June 20, 2007 |  5:10 pm

The Hollywood gossip website TMZ.com posted a link Tuesday afternoon to the entire manuscript of O.J. Simpson’s “If I Did It” — one day after the family of Ronald Goldman won the rights to the book in federal court. According to Wired.com, the link had been removed by the middle of the day, after TMZ received “a takedown notice from a trustee overseeing the bankruptcy case of Simpson — but not before hundreds, if not thousands, of people likely downloaded it and passed it on to friends.” TMZ has left a pair of excerpts from the book’s notorious final chapter, in which Simpson describes (sort of) the murders of Goldman and Nicole Brown Simpson as if they were a fever dream.

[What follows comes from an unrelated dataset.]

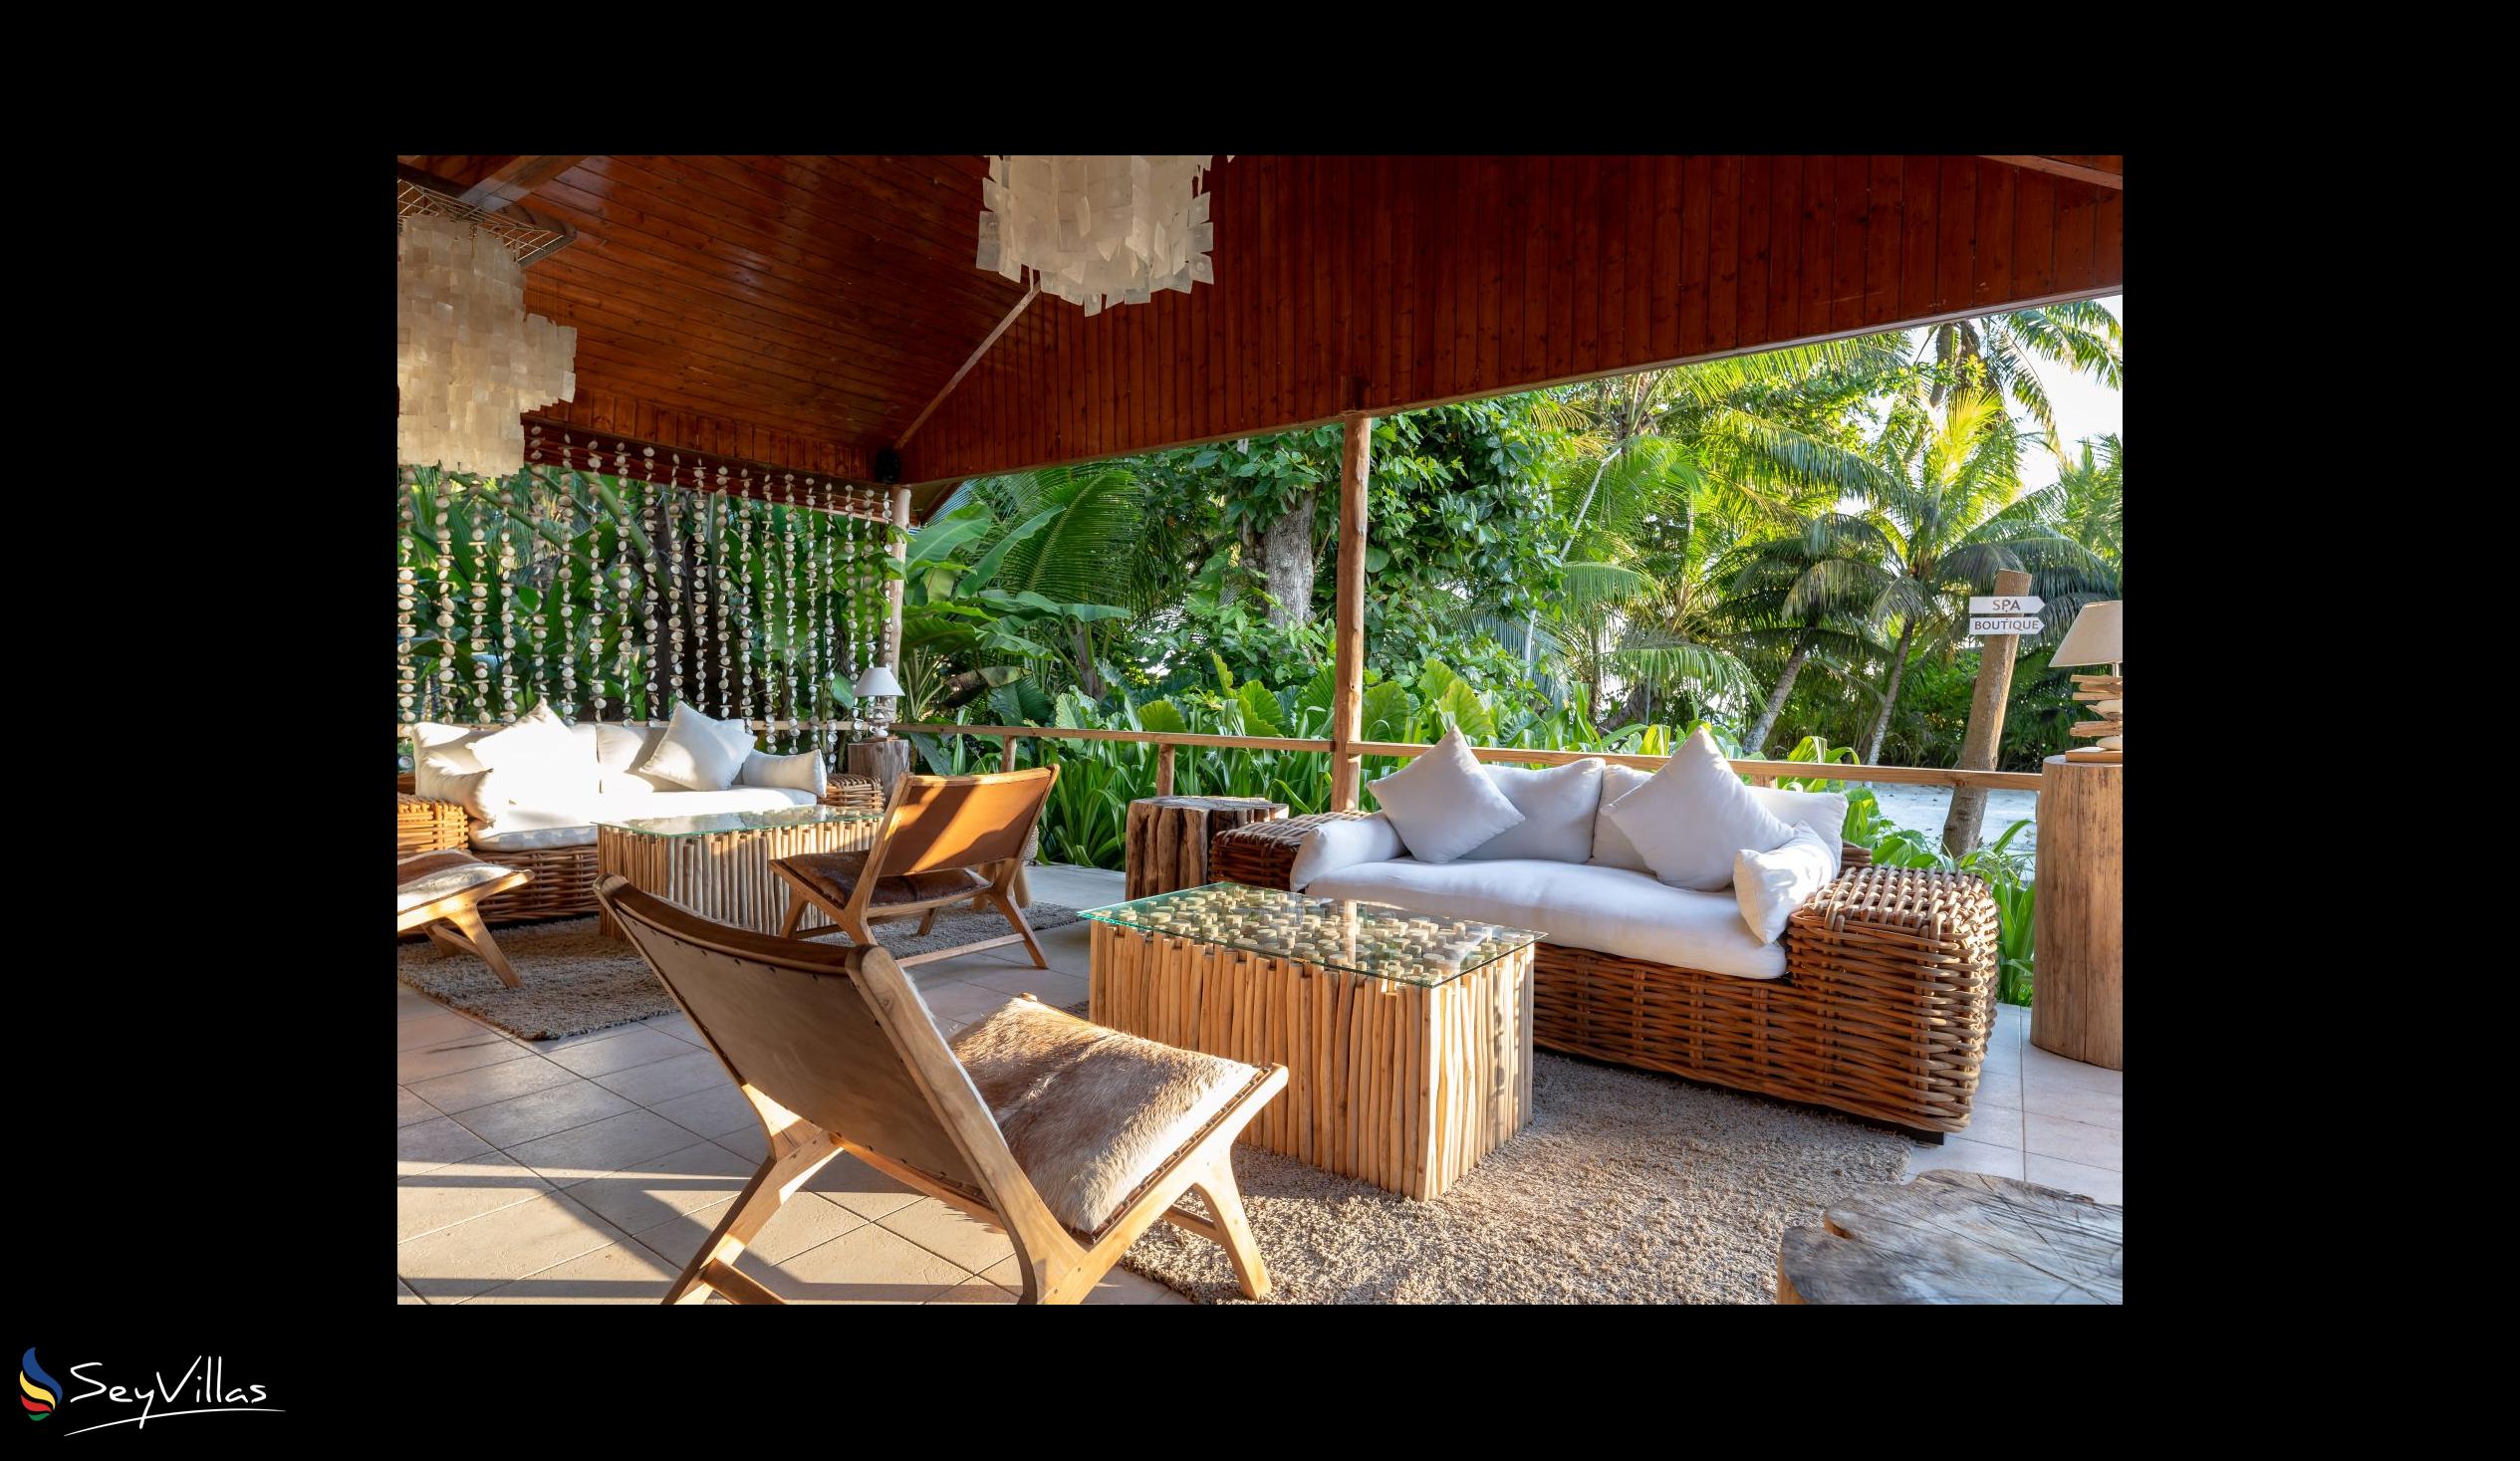 Photo 10: Bliss Hotel Praslin - Outdoor area - Praslin (Seychelles)

It’s hard to say what’s more disturbing: the account itself, a kind of peekaboo tease in which Simpson claims that “something went horribly wrong,” although he “can’t tell you exactly how”; TMZ’s breathless self-promotion (even now, the page is tagged with a red banner declaring “Exclusive”); or the swirl of legal machinations that continues to surround this case, obscuring any sense of right and wrong. But in the end, what may be most telling is the way this episode leaves one less with a feeling of outrage than of exhaustion, the desire to see the whole sordid Simpson saga finally put behind us once and for all.

David L. Ulin


Derring-do for girls...

June 19, 2007 |  5:15 pm

Have you looked longingly at "The Dangerous Book for Boys," the latest children's sensation from Britain, and wondered: Where are the how-tos for girls? Where are those guides harking to a day before iPods, Atari, American Girl catalogs and YouTube? Turns out the publishing industry has scrambled to come up with at least half a dozen titles to more than balance the scales.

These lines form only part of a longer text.